Pete Koomen: The Quest for More Clicks

The Quest for More Clicks
Photograph by Ryan Young for Bloomberg Businessweek

In January 2010, Pete Koomen started Optimizely to help companies maximize their websites’ sales and click-through rates. A week later, an earthquake hit Haiti. Koomen and his co-founder Dan Siroker, a colleague from his former job at Google, received a call from the Clinton Bush Haiti Fund, which needed technical assistance with its online pledge drive. The pair worked nearly nonstop for three days on software the nonprofit could use to determine the most effective look for the site’s donation page. The tweaks increased pledges by about 10 percent, which translated into an extra $1 million for the campaign in about a month, according to Koomen.
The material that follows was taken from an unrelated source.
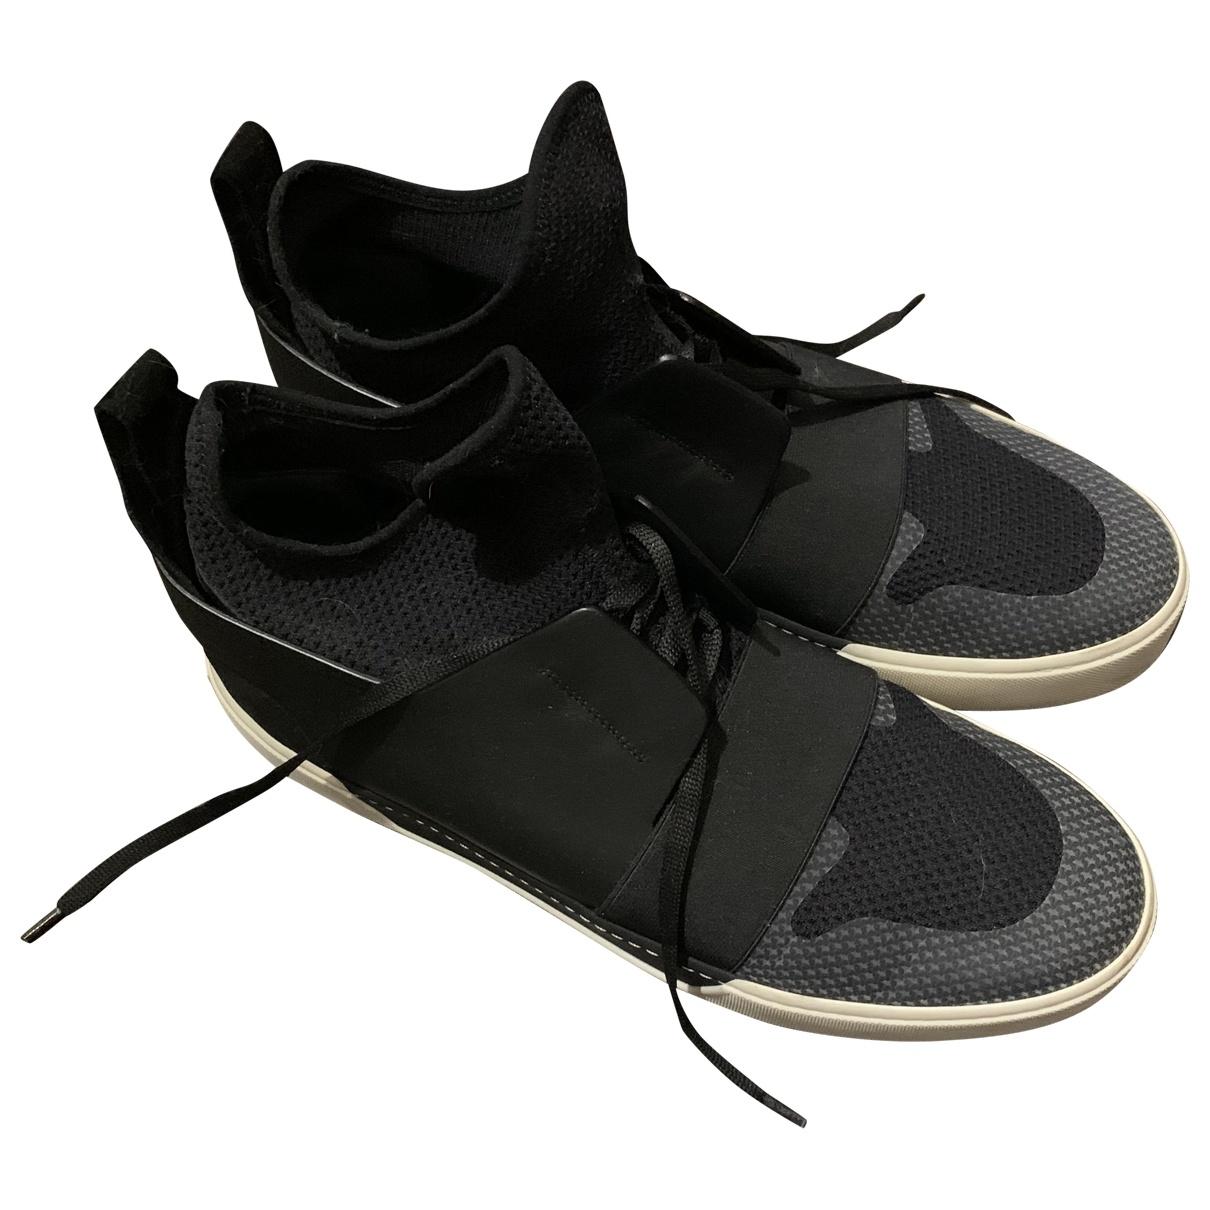 Balenciaga - Baskets   pour homme en toile - noir

Since then he has set out to apply his data-driven method to just about anything on the Web. As president of the San Francisco-based company, Koomen, 30, runs its product, engineering, and design groups. Using the service, online publishers can change links, text, and images on their Web pages with a few clicks. Some visitors then see an edited page, while the rest are taken to the original. The service then tracks clicks to measure which version is most effective. The smallest changes can significantly affect revenue, Koomen says. In the case of the Haiti fundraiser, placing a photograph of the devastation next to the “donate” button induced more people to give.